Emmanuel Macron défend dès qu'il en a l'occasion le multilatéralisme, ce socle idéologique des relations internationales depuis la fin de la Seconde Guerre mondiale, de plus en plus dénoncé par certains électeurs et dirigeants dans le monde, au nom de la défense des intérêts nationaux.
En mémoire de «l'immense cortège des combattants» de la Grande Guerre, «venus du monde entier, parce que la France représentait pour eux tout ce qu'il y avait de beau dans le monde», il a appelé ses pairs à refuser «la fascination pour le repli, la violence et la domination».
«Souvenons-nous ! N'oublions pas !», a-t-il plaidé, «cent ans après un massacre dont la cicatrice est encore visible sur la face du monde». «Puisse ce rassemblement ne pas être seulement celui d'un jour».
Forum sur la paix
Le clairon a joué «La sonnerie du cessez-le-feu», et les dignitaires sont repartis en direction du palais présidentiel pour un déjeuner, avant que certains d'entre ne se rendent au Forum de Paris sur la paix, attaquant la deuxième partie de cette journée point d'orgue pour Emmanuel Macron, après une semaine de commémorations en France.
A la grande halle de la Villette, dans l'est parisien, chefs d'Etat et de gouvernement, mais aussi représentants d'ONG, entrepreneurs, membres de la société civile, ont débattu de la gouvernance mondiale avec, là encore, le message politique clair en faveur du multilatéralisme.
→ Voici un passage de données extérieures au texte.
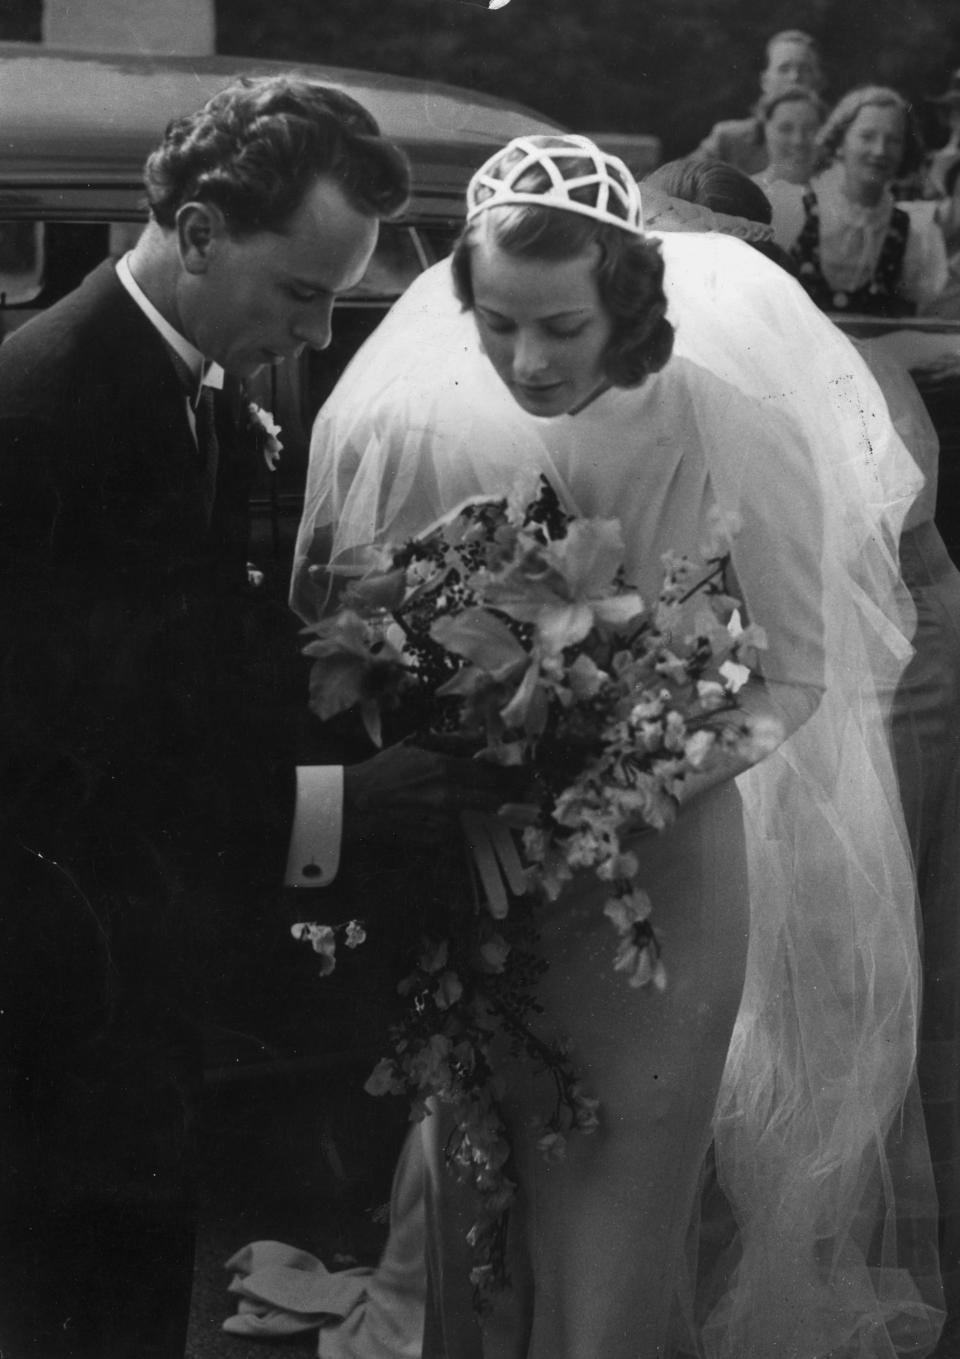 Ingrid Bergman and her husband Dr. Petter Lindstrom hold the bridal bouquet together.

Ils devront à l'issue du forum promouvoir des projets et des «solutions concrètes aux problèmes transfrontaliers». Car une des idées-force est de démontrer «la capacité des instruments du multilatéralisme à aider les gens», selon un des organisateurs, alors que de plus en plus de dirigeants et d'électeurs de par le monde semblent douter de l'efficacité du modèle à les préserver de certains méfaits de la mondialisation.
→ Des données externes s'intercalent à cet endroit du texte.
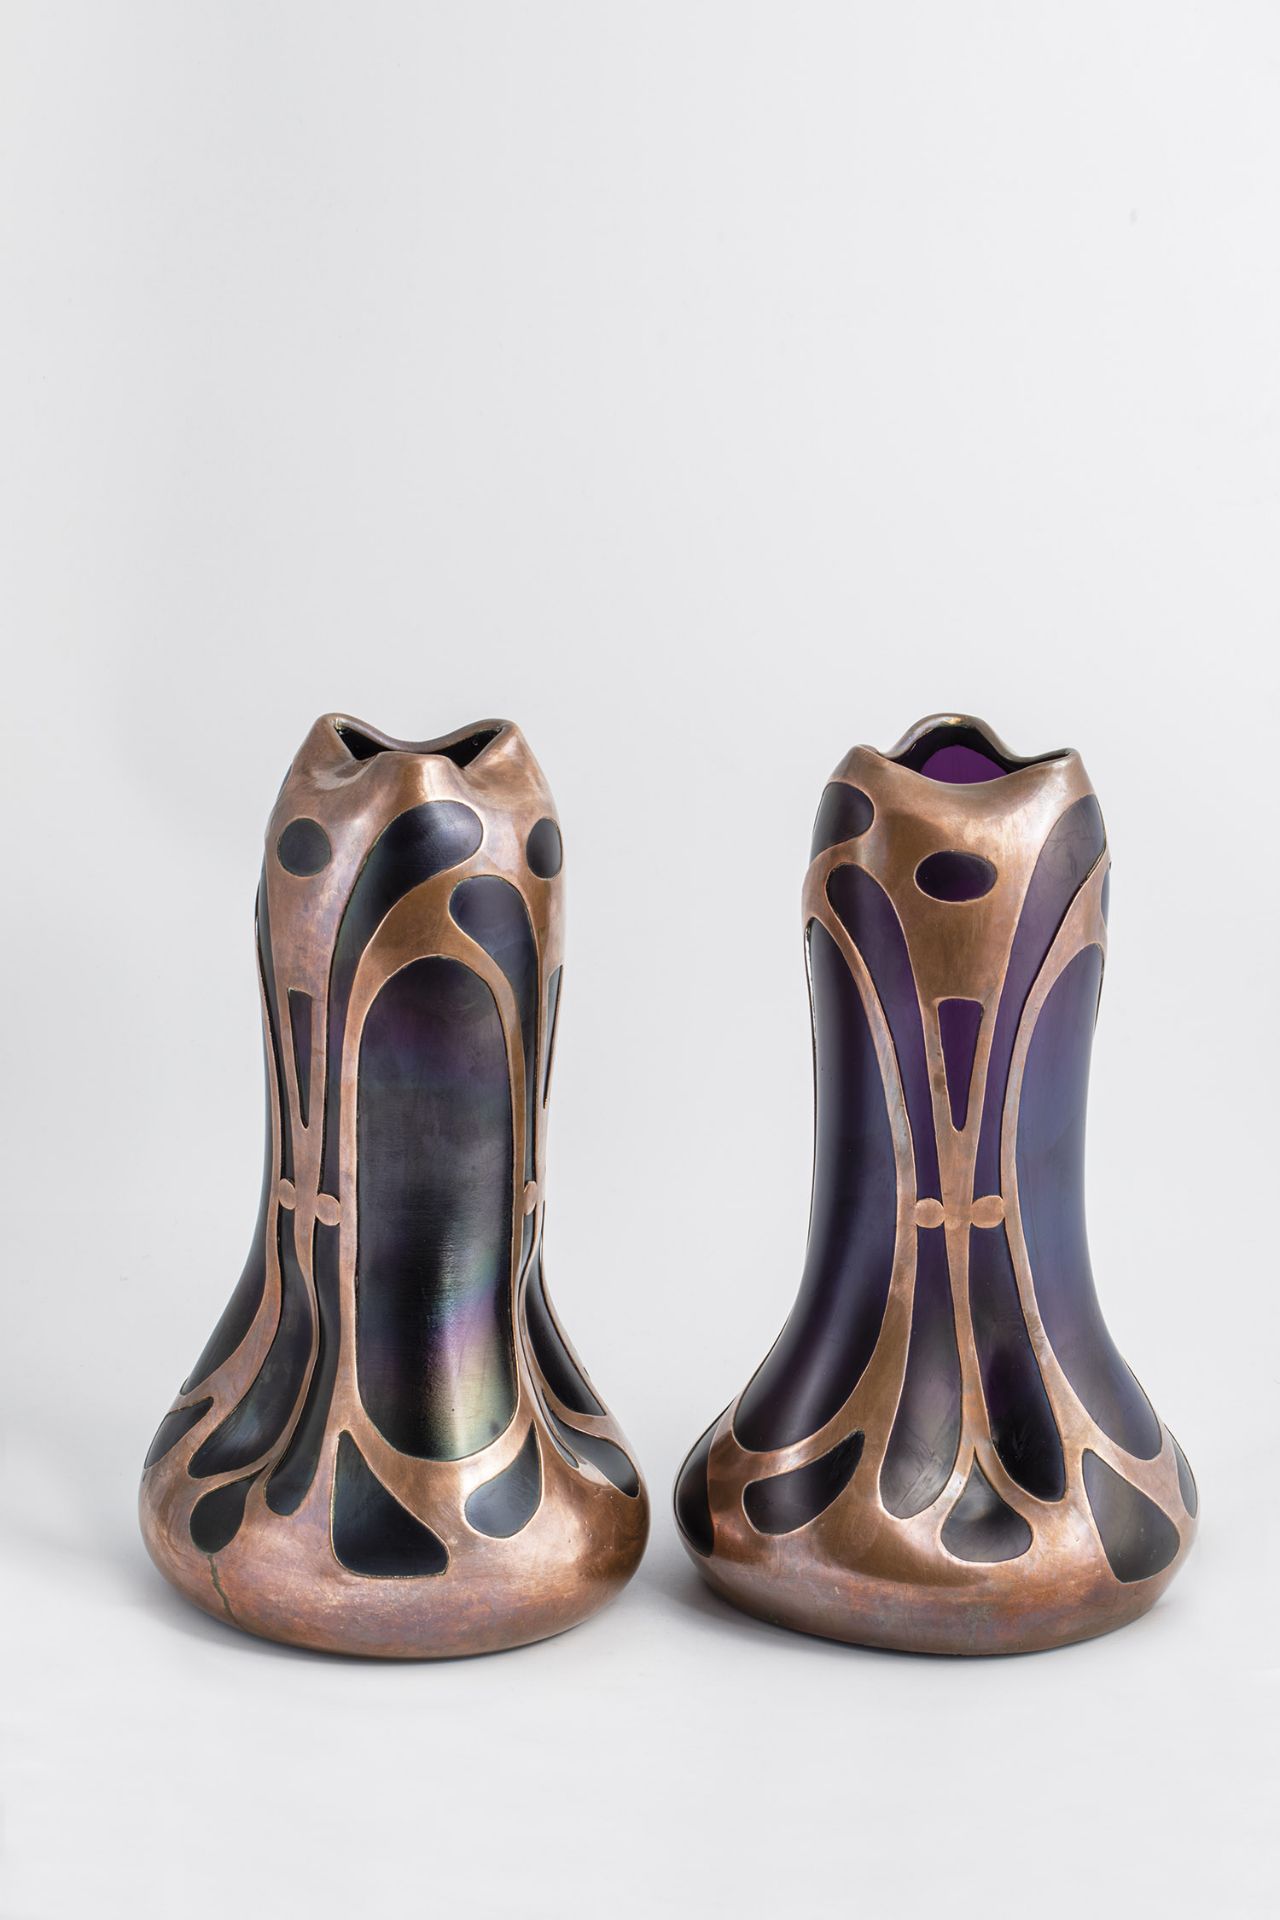 Paar Vasen mit galvanoplastischem Kupferdekor

Plusieurs de ses plus fervents défenseurs, Emmanuel Macron, Angela Merkel, Justin Trudeau, Antonio Guterres plaideront pro domo devant une assistance globalement acquise. «Le système multilatéral est essentiel pour développer et financer les efforts de lutte contre la menace de changement climatique», a plaidé dans une tribune au Journal du dimanche le président de la Banque mondiale - une des incarnations du multilatéralisme - Jim Yong Kim.